Recently, a catheter-based approach has been developed for renal sympathetic denervation (RDN).19 First-generation devices use radiofrequency pulses emitted from a monopolar electrode positioned under fluoroscopic guidance in each of the renal arteries. Mechanistically, it has been observed that the procedure resulted in a 47% reduction of renal norepinephrine spillover measured with the radioactive tracer 3H-norepinephrine.20,21 Additionally, firing of single sympathetic fibres, a parameter for whole body sympathetic activation, was reduced by 37%.21 This indicates that not just locally in the kidney, where the ablation procedure is performed, but also in the whole body, sympathetic activation can be reduced by RDN, suggesting a combined modulation of efferent and afferent signalling. RDN might therefore influence atrial electrophysiological changes as well as structural remodeling processes by modulation of autonomic nervous system.

Reduction of sympathetic activation by RDN may influence atrial electrophysiology. as well as the substrate for AF, characterized by neural, electrical and structural remodelling processes in the atrium (see Figure 1).
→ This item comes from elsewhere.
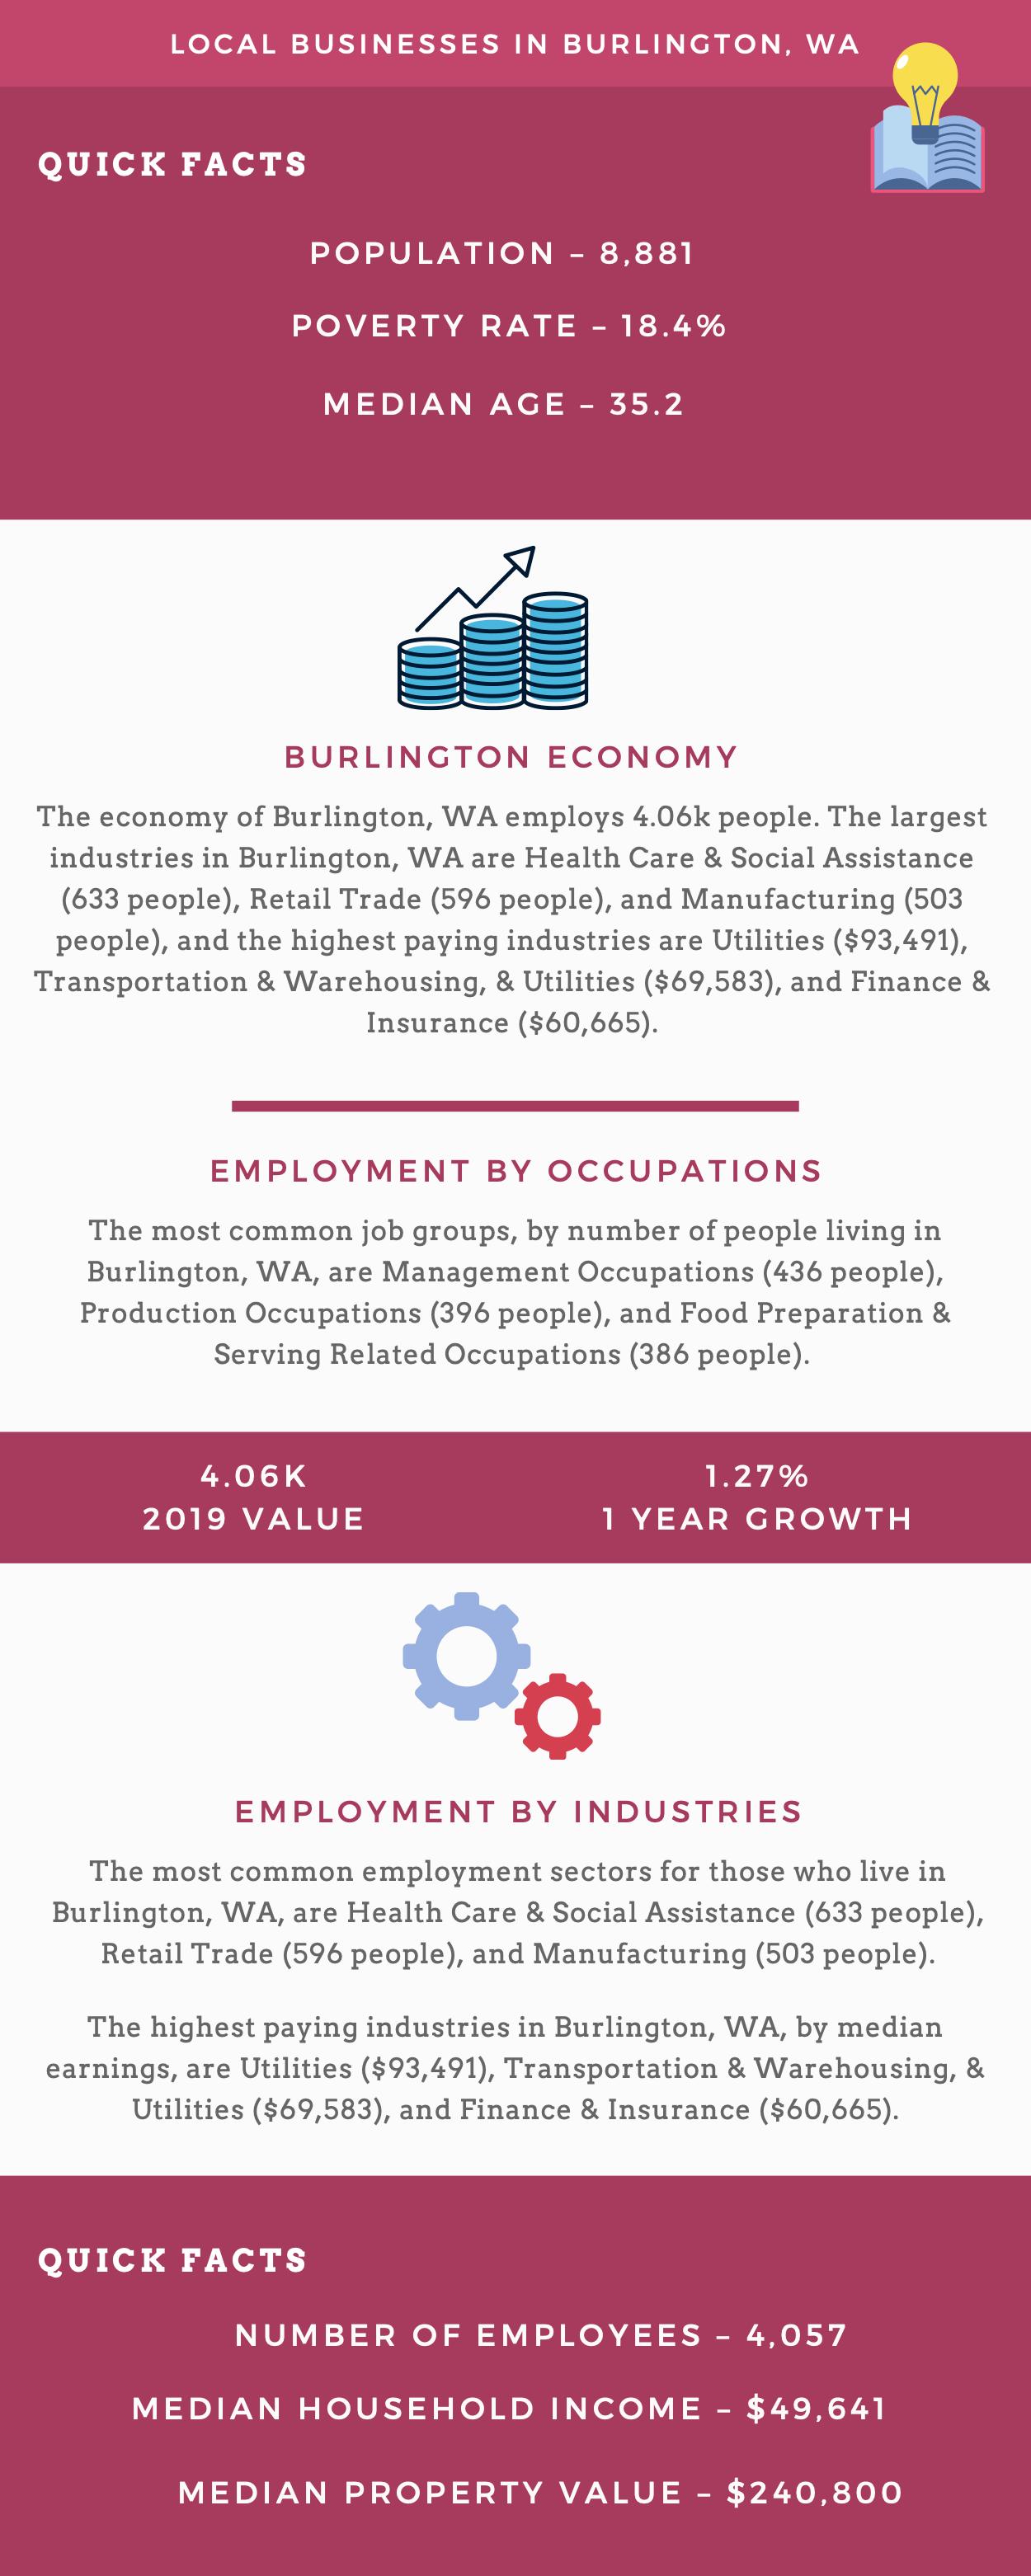 Local Businesses in Burlington, WA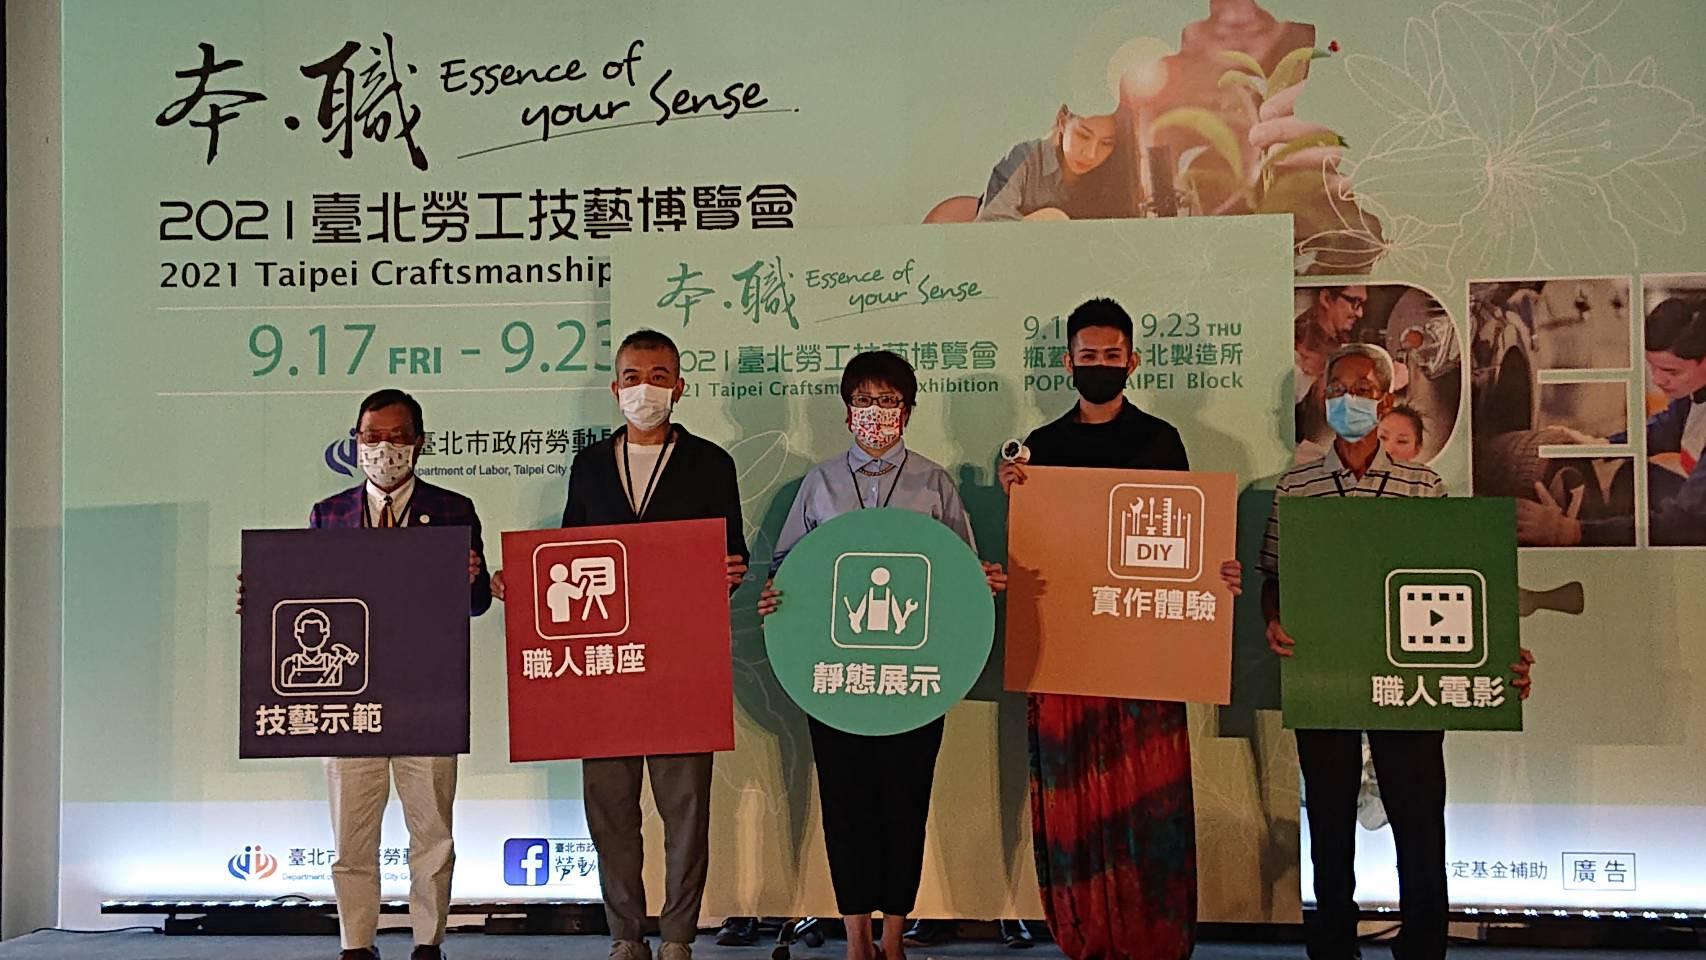 2021台北勞工技藝博覽會     將於9月17日中秋連假熱鬧登場

Figure 1. Renal denervation reduces sympathetic activation. Sympathetic activation upregulates the renin angiotensin aldosterone system (RAAS) leading to a substrate for atrial fibrillation (AF) characterized by structural alteration (structural remodeling). Ectopic activity during sympathetic activation can act as a trigger on a vulnerable substrate resulting in reentry and subsequent AF.

Renal Denervation And Cardiac Electrophysiology

RDN results in a reduction in heart rate and AV-conduction velocity in pigs22 and in drug-resistant hypertensive humans.23 In chloralose/urethane anesthetized pigs,22 neither atrial effective refractory period (AERP) nor P-wave duration were influenced by acute RDN, thus, excluding potentially relevant changes in atrial refractoriness and atrial conduction during sinus rhythm.22 Additionally, sensitivity of ganglionated plexi24 was not altered by RDN. Norepinephrine, the neurotransmitter of the sympathetic nervous system, is released from postganglionic neurons in response to sympathetic stimuli and activates beta-receptors resulting in increased focal discharges potentially representing triggers and perpetuators of AF.14,18 Importantly, RDN not only reduces beta-receptor activation the target organs, thereby possibly reducing focal dyscharges, but it also reduces whole-body sympathetic activation.21 This may effectively inhibit systemic as well as local cardiac RAAS activation.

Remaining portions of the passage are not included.